TASK INSTRUCTIONS. Copy exactly the lines starting at the one that contains "Iron Man Mark" and running through the end of the material below. Exclude any pictures.
*** Opening SUPPLIED DATA ***
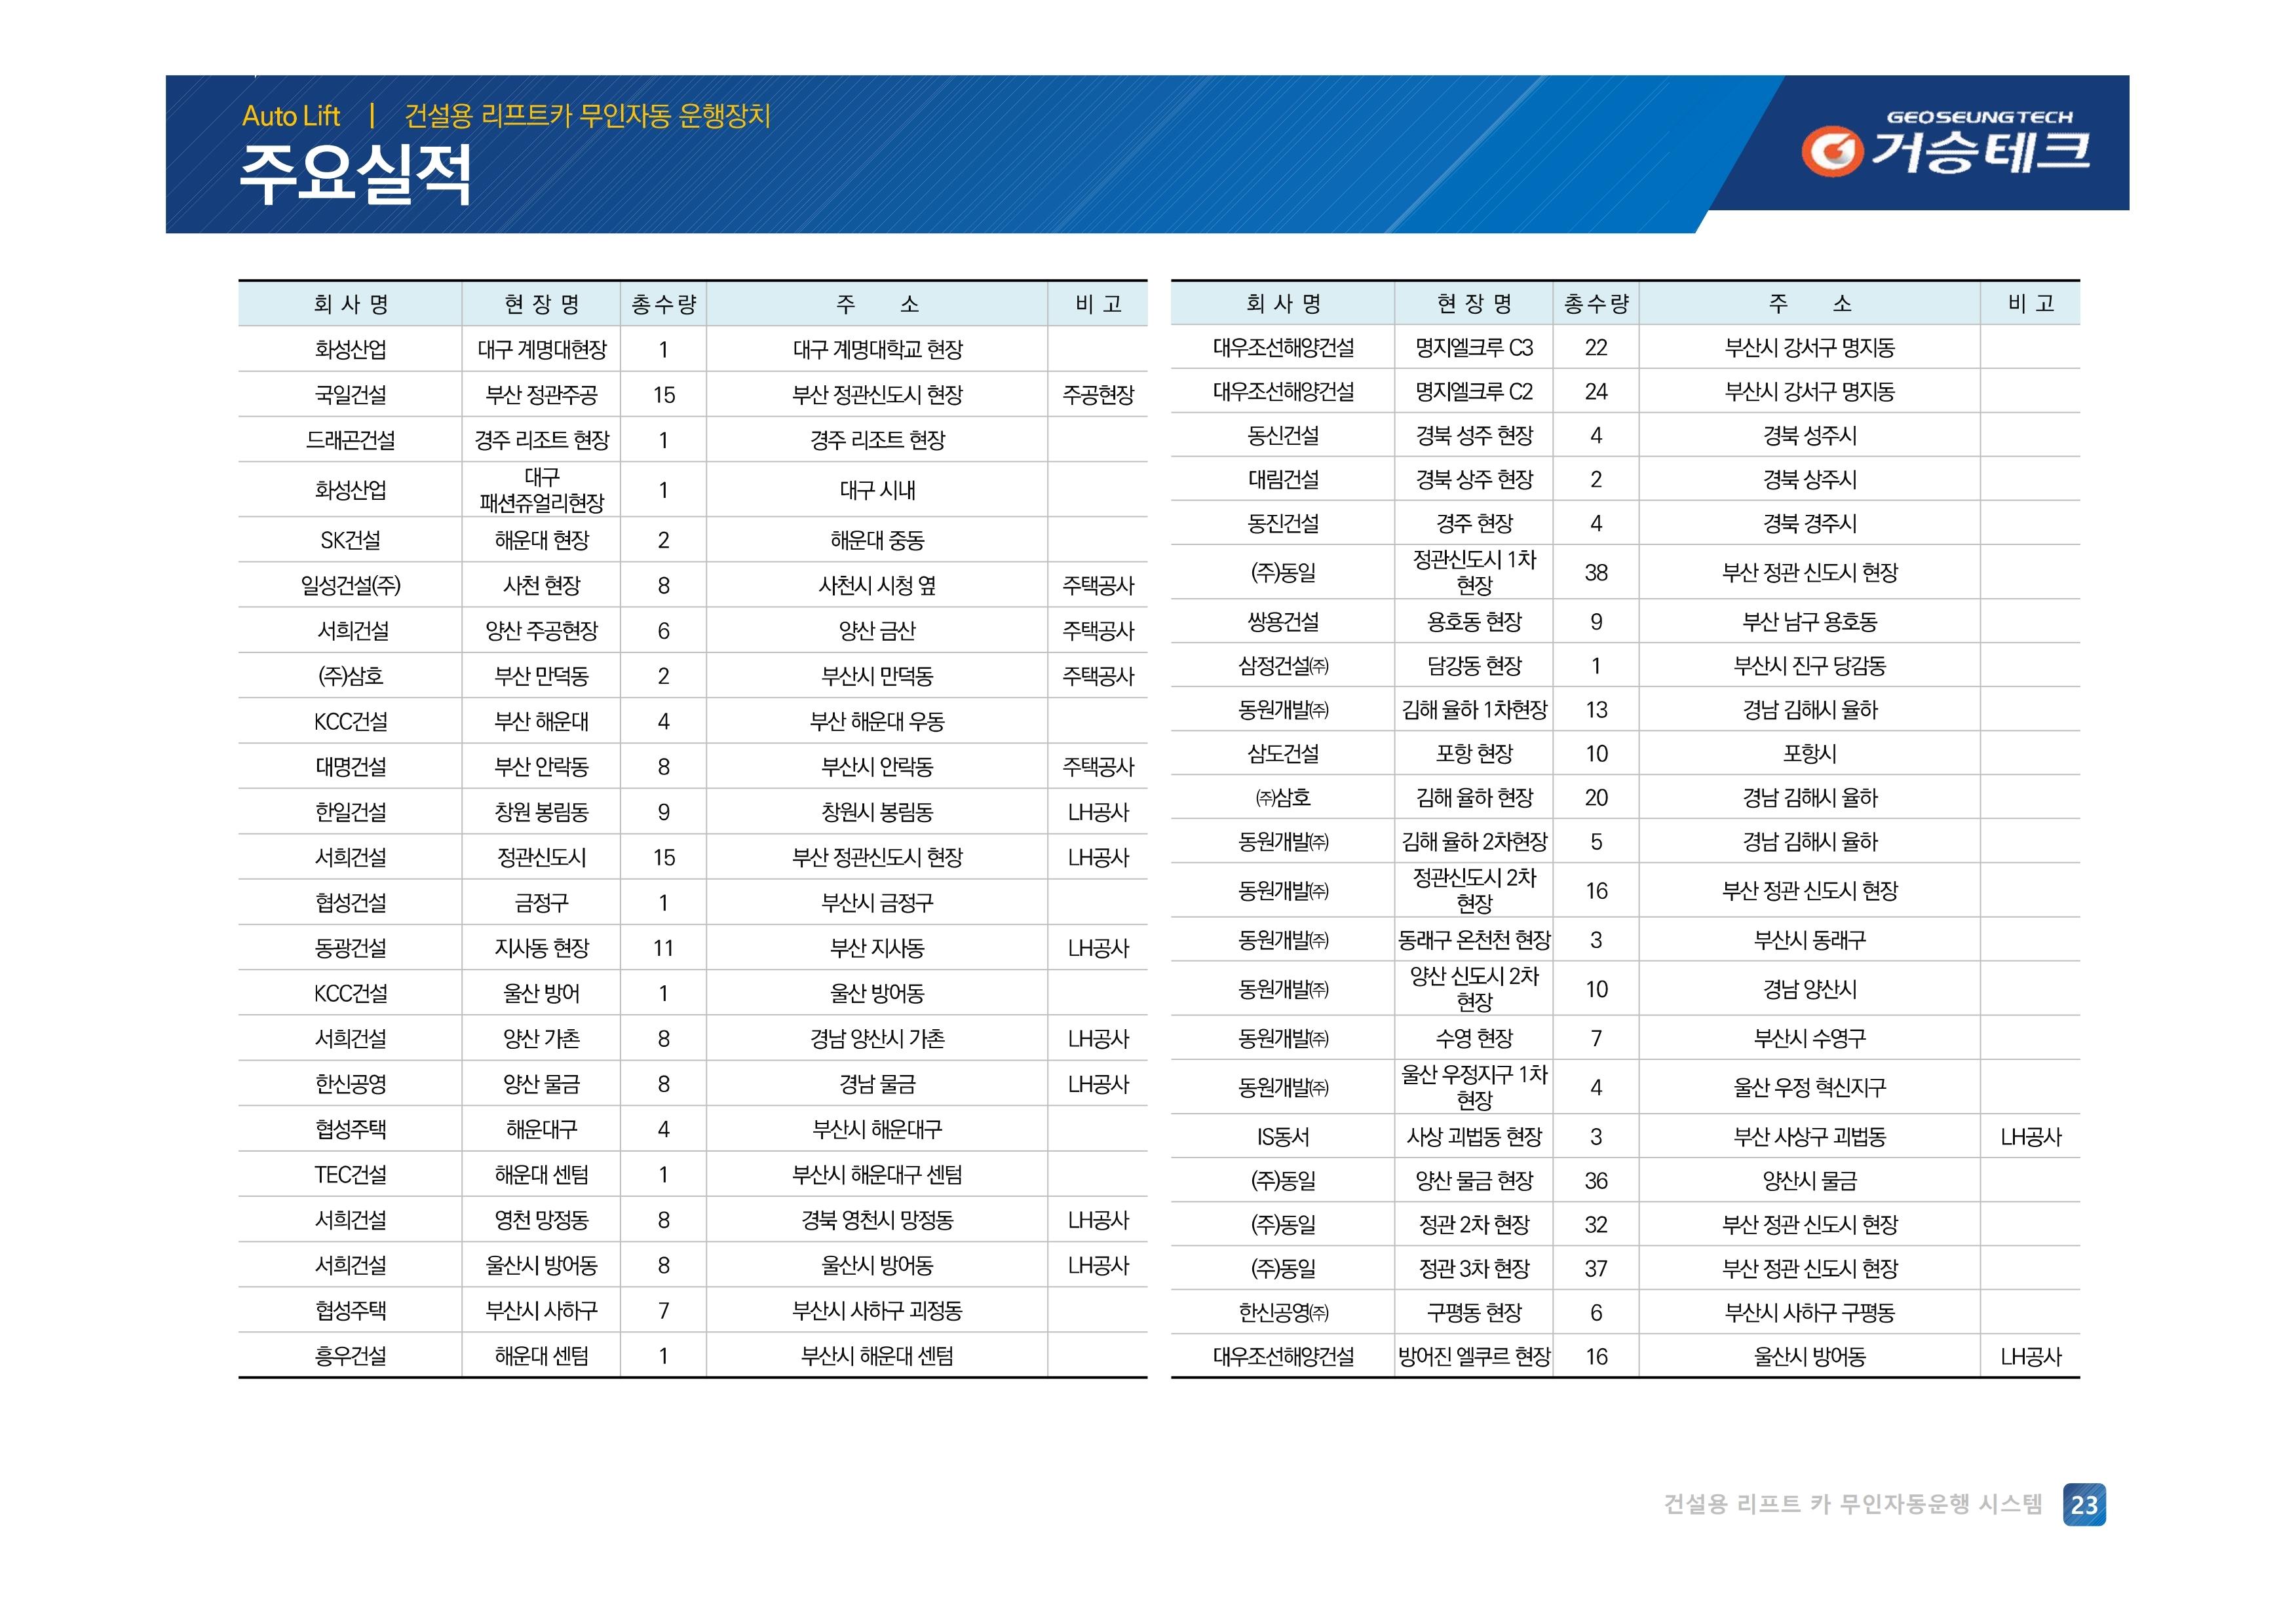 무인자동 (거승테크)-Rev01 (2020-07-22).pdf_page_23.jpg
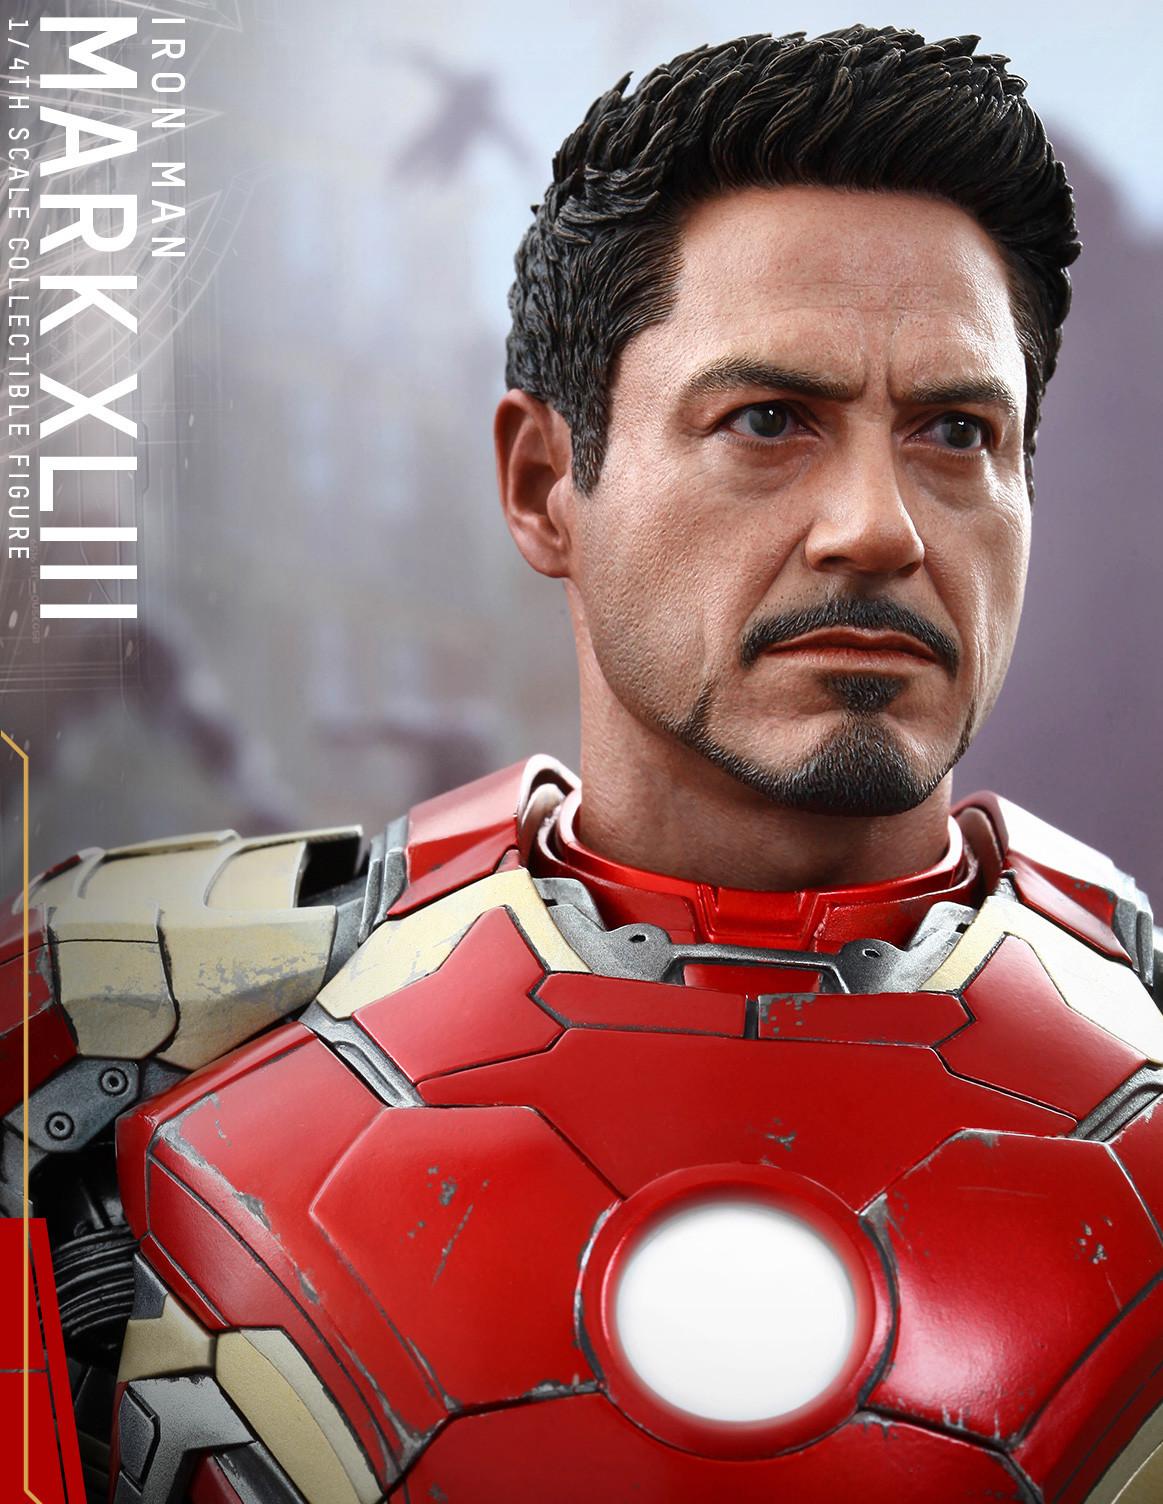 Iron Man Mark 43 Hot Toys Tony Stark Head Robert Downey Jr. Portrait Robert Downey
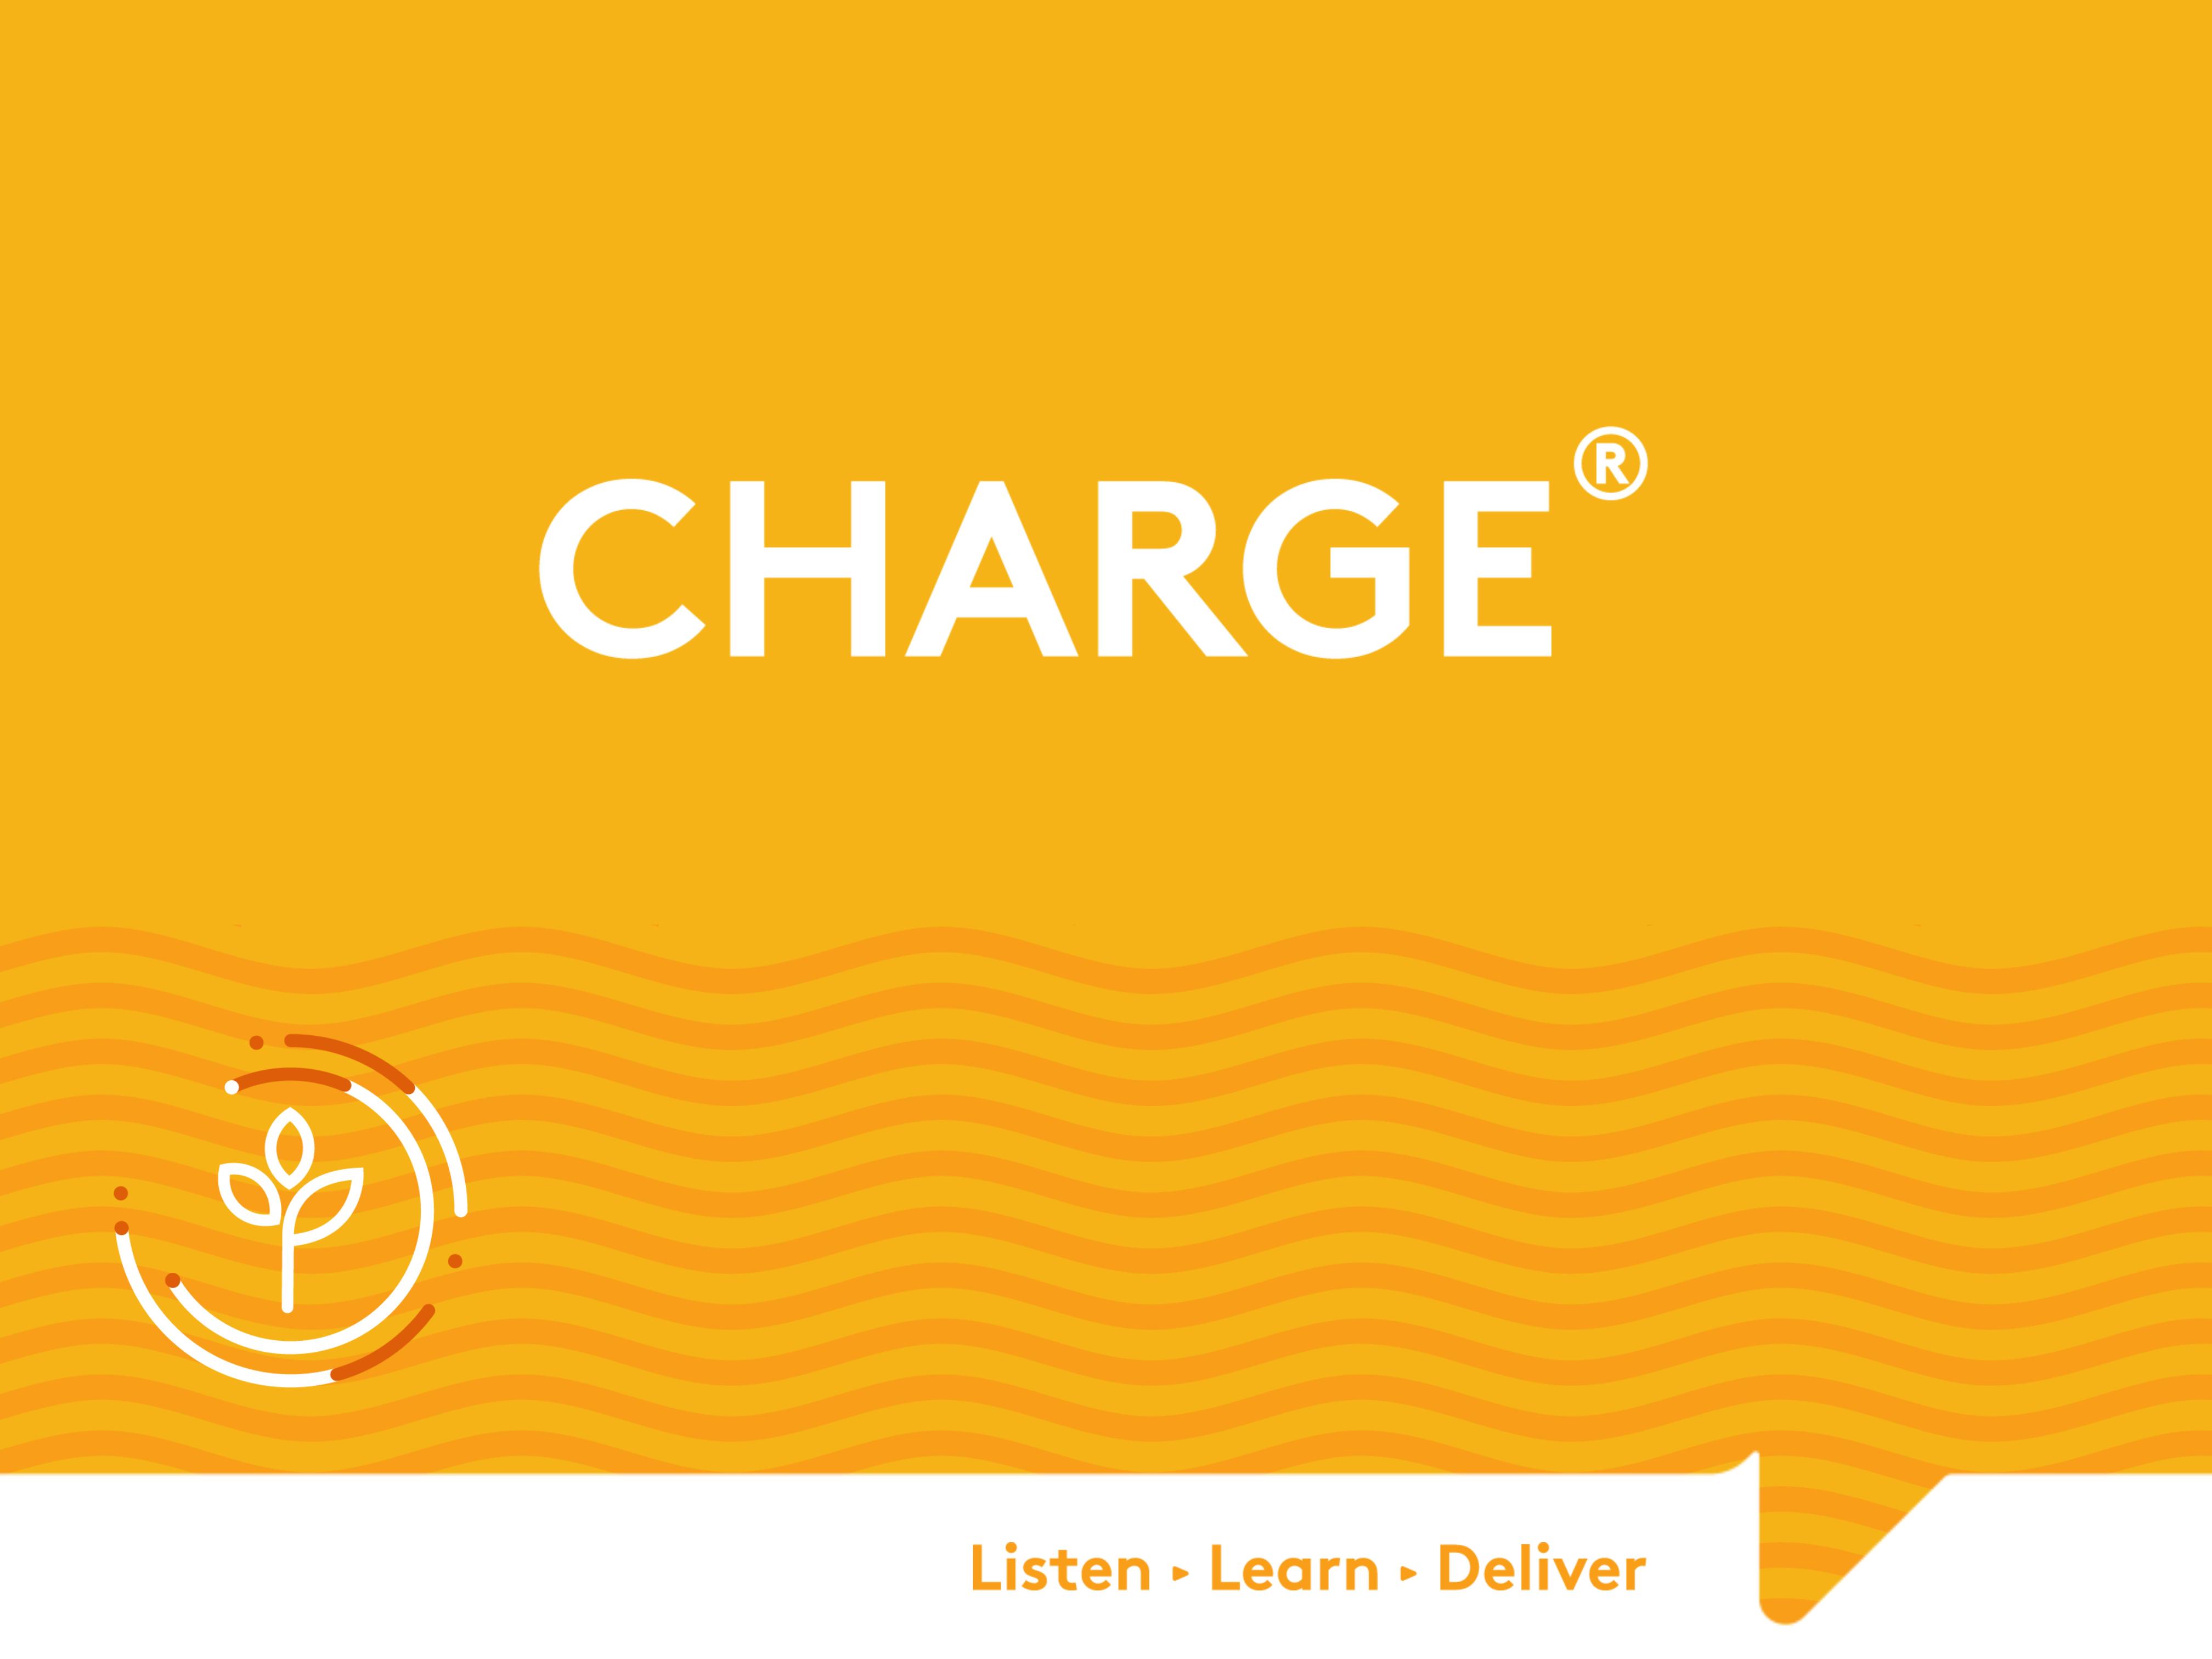 charge photo
*** Closing SUPPLIED DATA ***
SOLVED EXERCISE.
 Iron Man Mark 43 Hot Toys Tony Stark Head Robert Downey Jr. Portrait Robert Downey
 charge photo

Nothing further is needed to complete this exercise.